Comparing two large numbers

Question

Can you compare two large exponential numbers, like $5^{44}$ and $4^{53}$ without taking their logs?

Answer 1

Using a GCD-like approach, start by dividing out the "smaller" term:

$${5^{44}\over 4^{44}}=\left(\frac54\right)^{44}\\ {4^{53}\over 4^{44}}=4^9$$

Now the new "smaller" term is $\frac54$:

$${\left(\frac54\right)^{44}\over \left(\frac54\right)^{18}}=\left(\frac54\right)^{26}\\ {4^9\over \left(\frac54\right)^{18}}=\left(\frac85\right)^{18}\\ \left(\frac54\right)^{8}\text{ vs }\left(\frac{32}{25}\right)^{18}$$

By inspection, $\frac{32}{25}\ge\frac54$, and as the exponent on $\frac{32}{25}$ is also greater, it is the greater quantity. It is from the $4^{53}$ term, and therefore this is the greater original quantity.

Answer 2

One approach is to figure that, roughly, $2^{10} \approx 10^3$, and $5^9 \approx 2,000,000 = 2 \cdot 10^6$.

Then,

\begin{align} 4^{53} &= (2^2)^{53} \\ &= 2^{106} \\ &= 2^{100} \cdot 2^6 \\ &= (2^{10})^{10} \cdot 2^6 \\ &\approx (10^3)^{10} \cdot 2^6 \\ &= 10^{30} \cdot 2^6 \end{align}

By way of comparison,

\begin{align} 5^{44} &= 5^{45} \div 5 \\ &= (5^9)^5 \div 5 \\ &\approx (2 \cdot 10^6)^5 \div 5 \\ &= 2^5 \cdot (10^6)^5 \div 5 \\ &= 10^{30} \cdot (2^5 \div 5). \end{align}

Now, $2^6 > 2^5 \div 5$, so one might suppose $4^{53} > 5^{44}$.

Answer 3

I'll interpret the actual question as "without using a calculator?" since I assume that's your objection to using logs.
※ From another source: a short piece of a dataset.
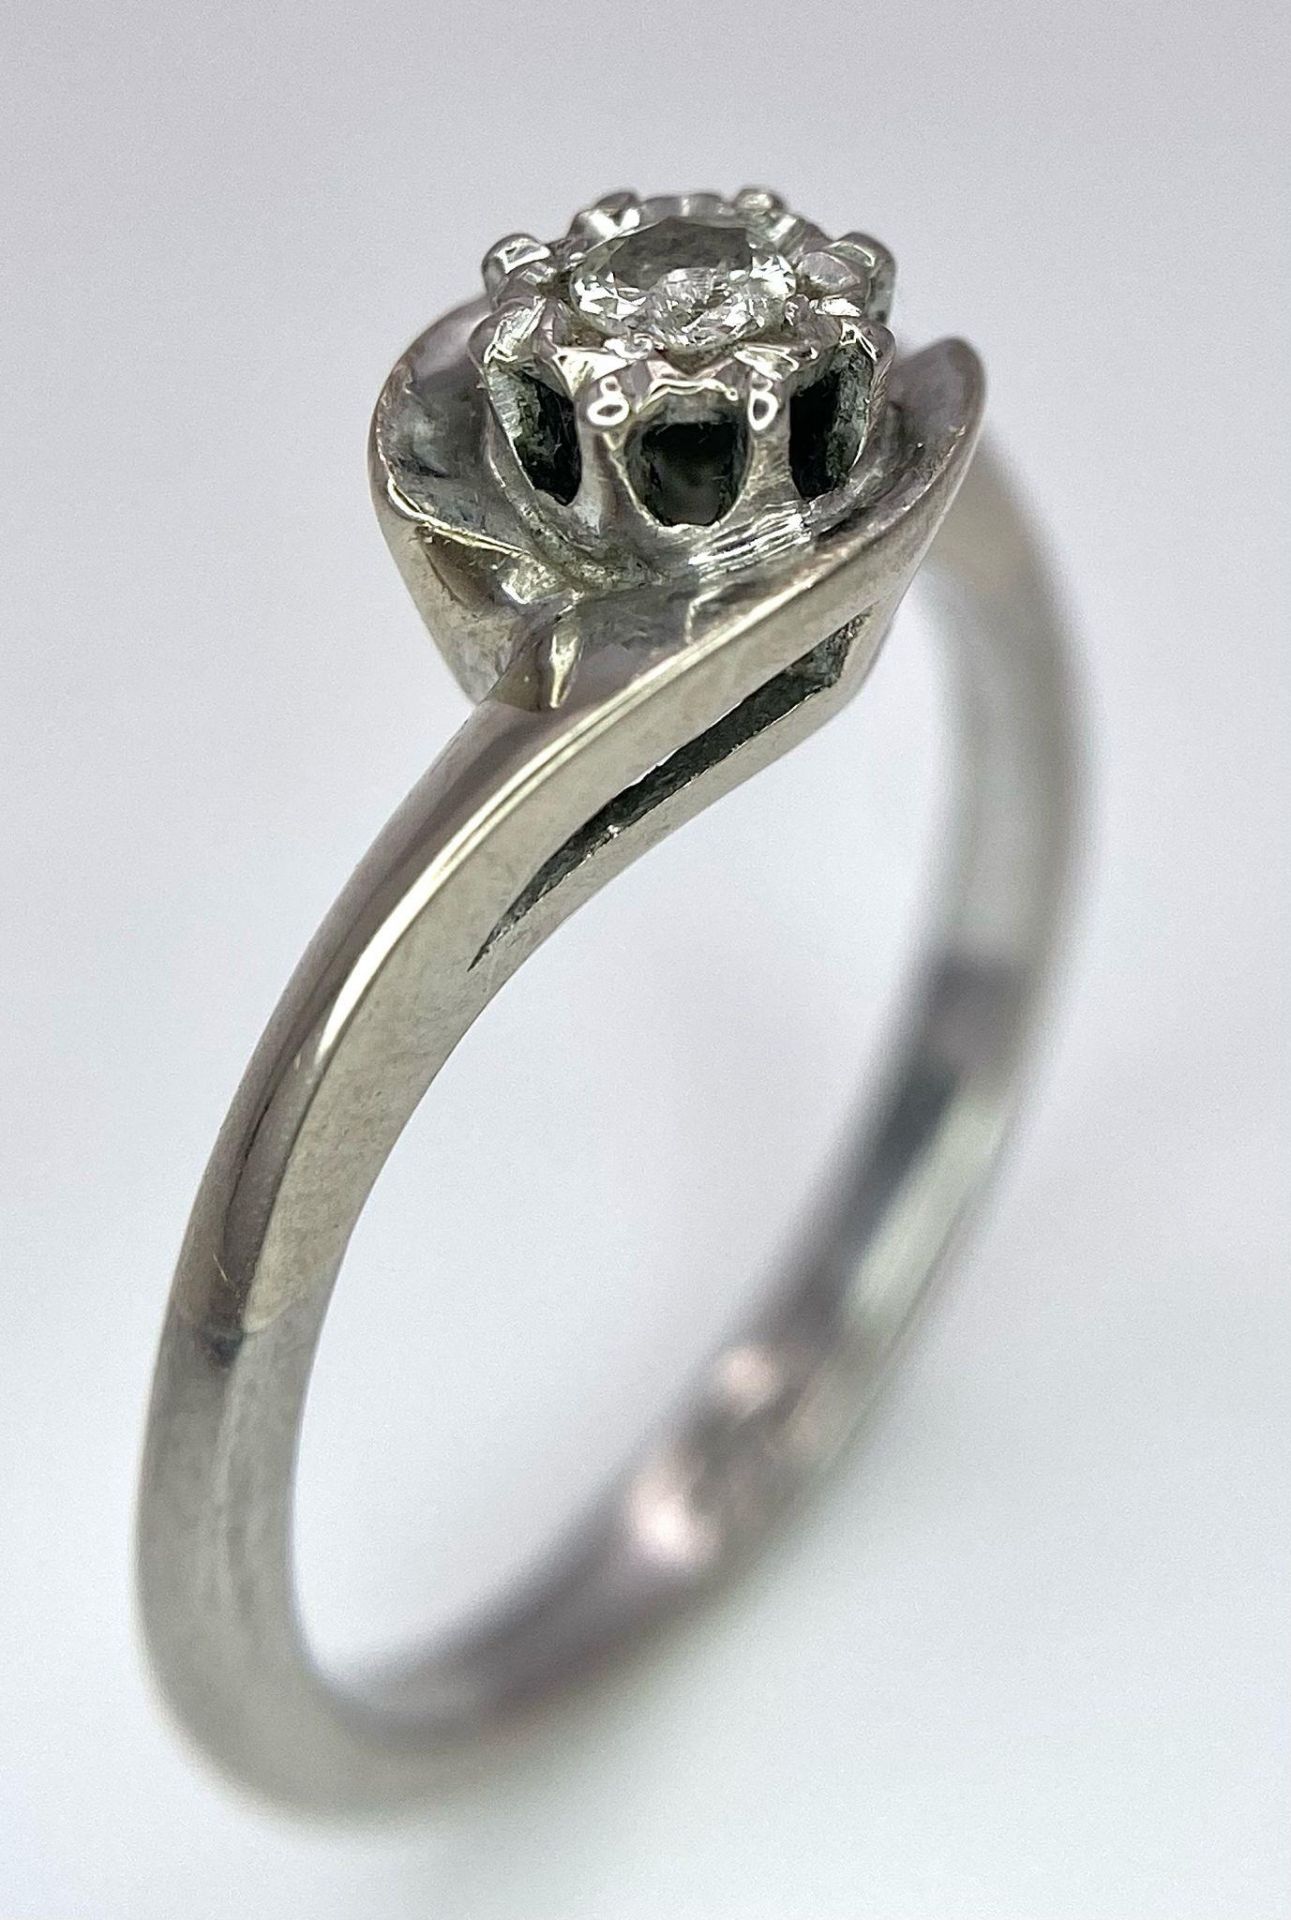 An 18K White Gold Diamond Crossover Ring. 0.10ct brilliant round cut diamond. Size N. 4g total - Image 2 of 6

What I know about $5$ and $4$ is that $5^3 = 125$ is pretty close to but a bit smaller than $2^7 = 128$. That tells me that $\log_2 5 \le\frac{7}{3}$, hence that

$$\log_2 5^{44} \le \frac{308}{3} < 103$$

while $\log_2 4^{53} = 106$. So $4^{53}$ is bigger. Of course I could rephrase this argument without using logs by exponentiating everything but what's the point?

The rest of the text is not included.